Intelligent Enterprise

Better Insight for Business Decisions

UBM
Intelligent Enterprise - Better Insight for Business Decisions
Part of the TechWeb Network
Intelligent Enterprise
search Intelligent Enterprise



March 20, 2000, Volume 3 - Number 5



Solving the ERP Paradox

Sourcing data warehouses from ERP systems eases the task of data consistency, but makes creating accessible data marts much more difficult

By Mark Riggle



Enterprise resource planning (ERP) systems provide mission-critical operational workflow for the enterprise. In many companies, hundreds of legacy subsystems retire when an ERP system is installed. However, because ERP systems do not support decision-support systems (DSS) directly for several reasons, the need to source a data warehouse from the ERP system is obvious.

This need has been a continuous theme in writings about ERP systems and data warehousing. However, the distinction between building data warehouses sourced from ERP systems vs. those sourced from pre-ERP legacy systems is nearly always ignored. As I’ll explain here, this distinction is crucial for reasons that lie at the heart of the data warehouse. Some of the tasks in constructing a data warehouse on top of an ERP system have become easier and others have become harder, but the good news is that the more difficult tasks may become easier with the imminent emergence of a new set of tools.

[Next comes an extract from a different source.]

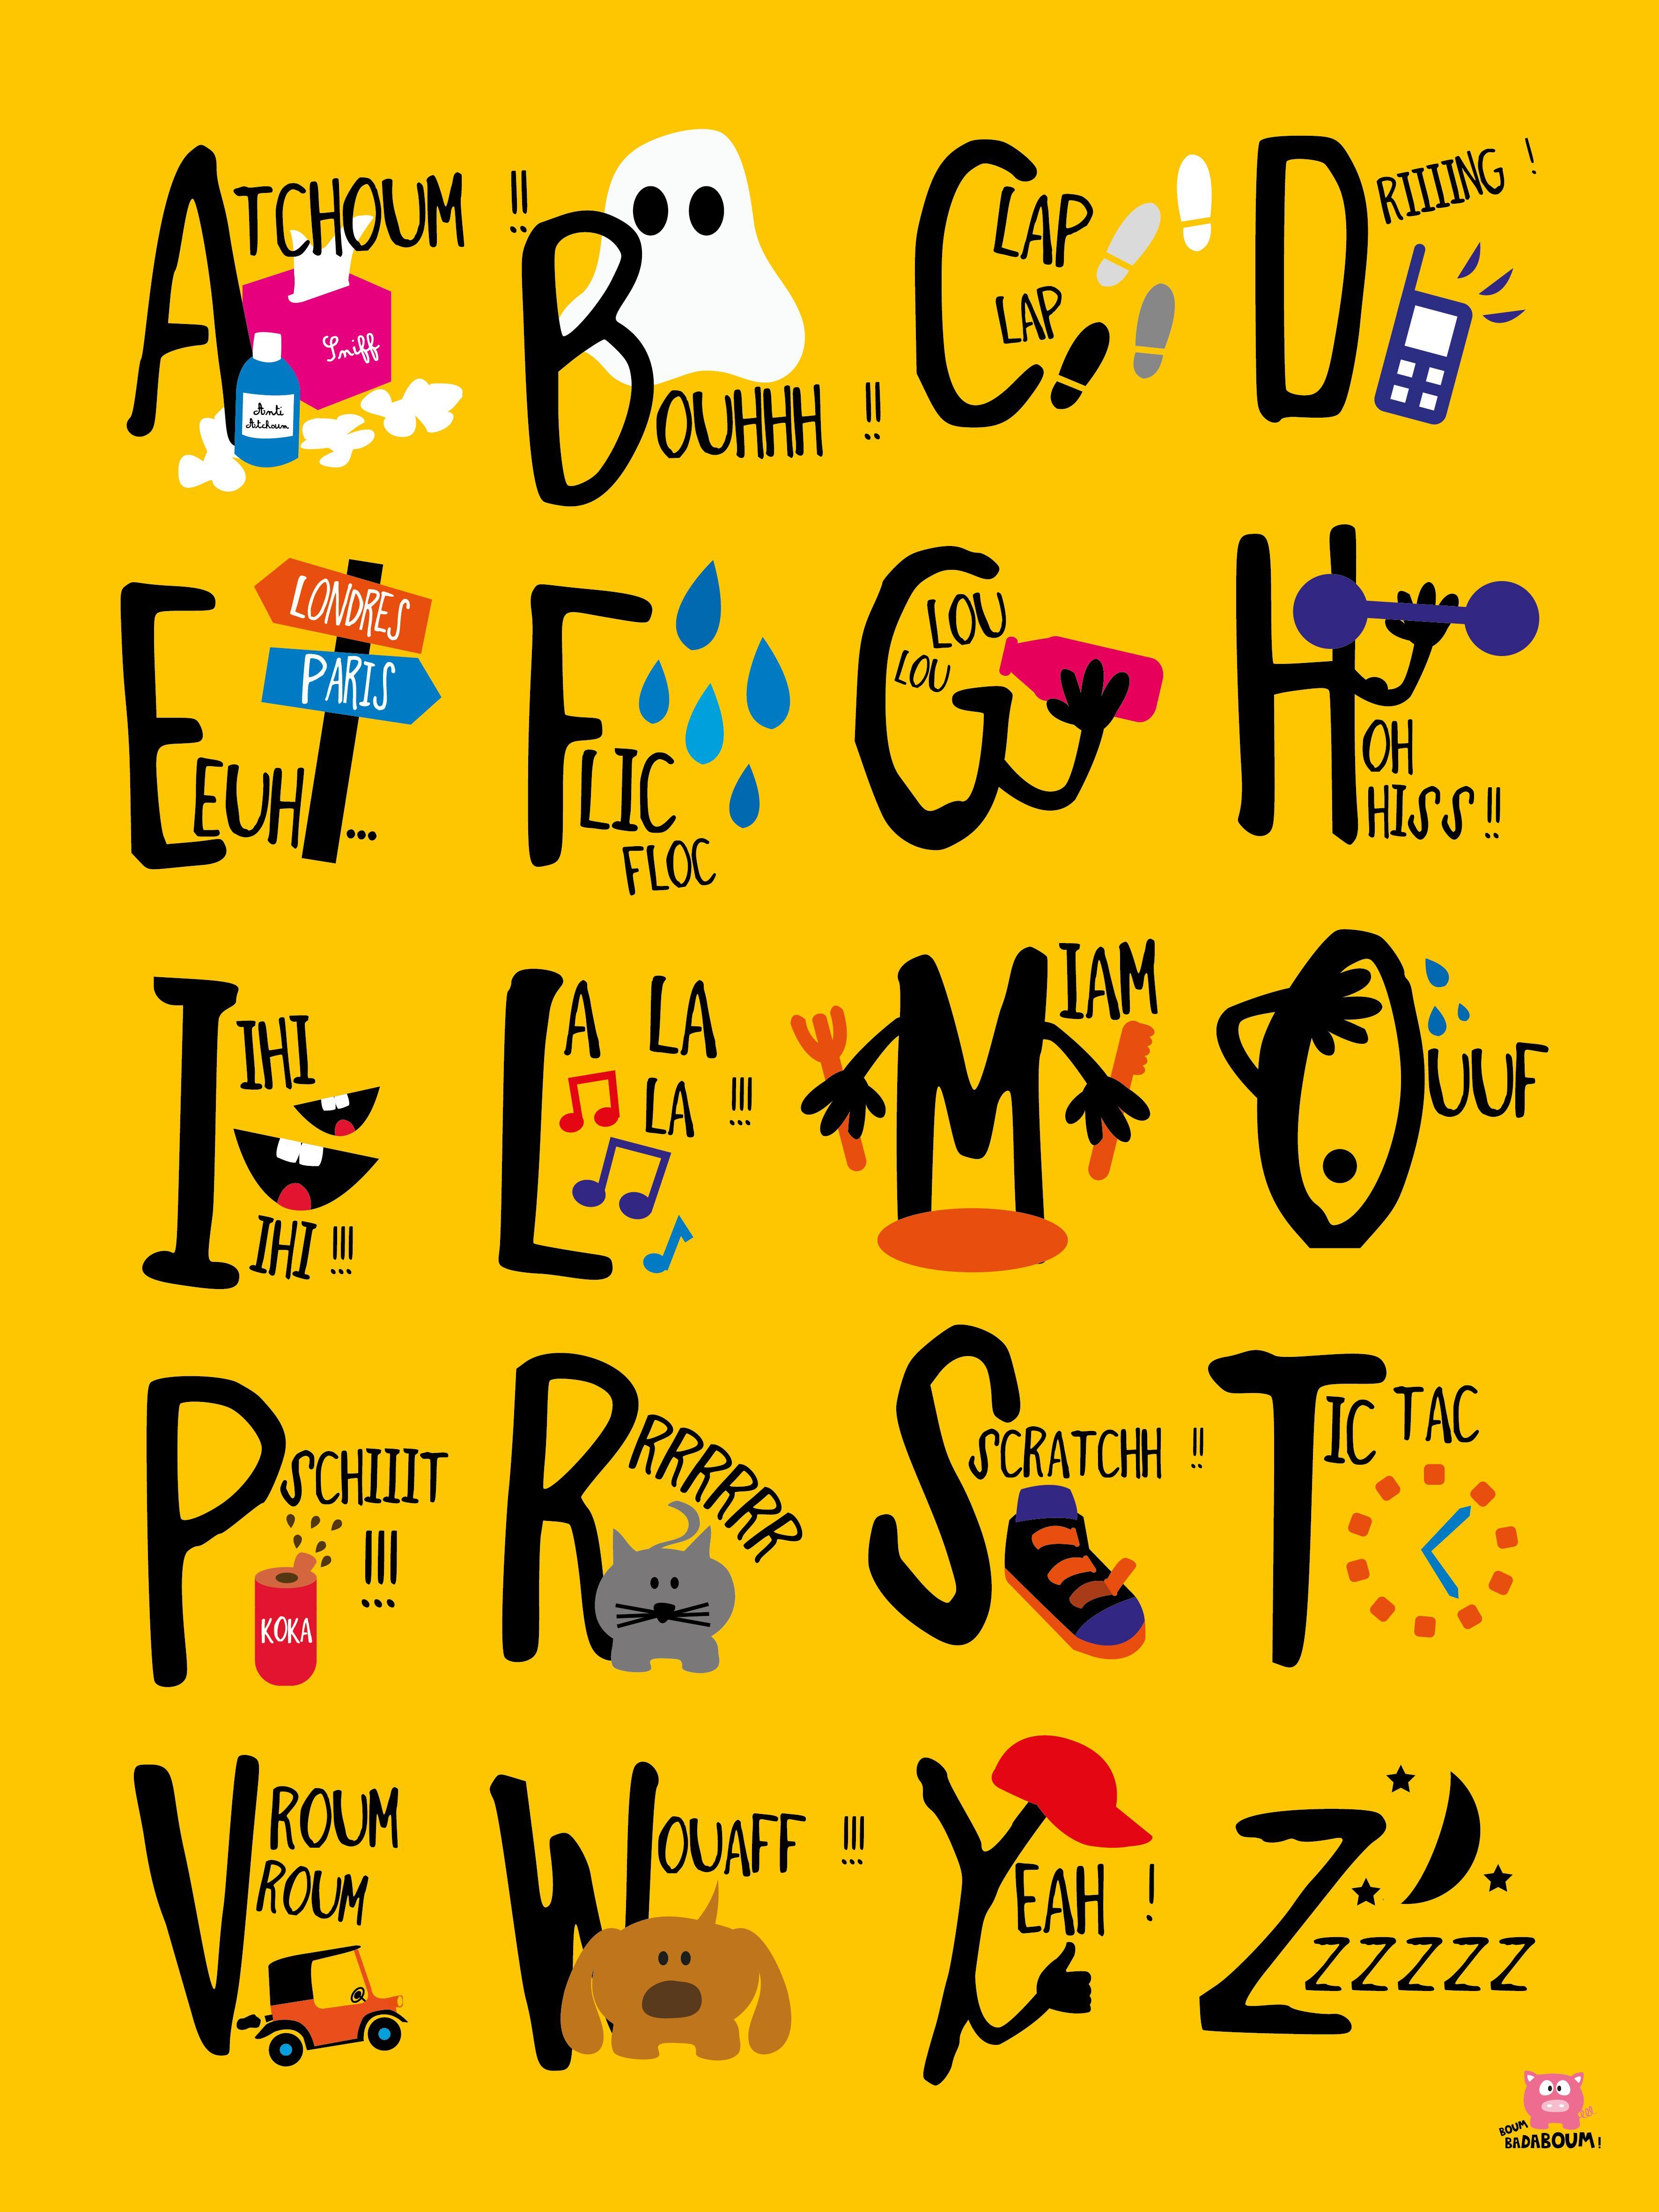 Abécédaire! Alphabet francais, Abécédaire, Onomatopée

To fully understand this change, we need to take a close look at ERP design and data warehousing basics. A data warehouse has two reasons to exist: to make data consistent and to make it accessible. Figure 1 (page 54), which draws on the methodology proposed by Ralph Kimball, gives you an idea of the relationship between these tasks. Generally, the staging area makes data consistent while the data marts provide data accessibility. But the work required to meet both of these goals differs when an ERP-based data warehouse is involved. Let me explain how.



FIGURE 1 Elements of a data warehouse.


Achieving Data Consistency

To make data consistent, usually you need to address problems associated with data noise, multiple-source data, multidata encoding, and data structuring:

•Data noise arises from incorrect data entered or data entered multiple times, such as an address with small differences. Networks of legacy systems often have this problem because the same data is entered in many separate systems.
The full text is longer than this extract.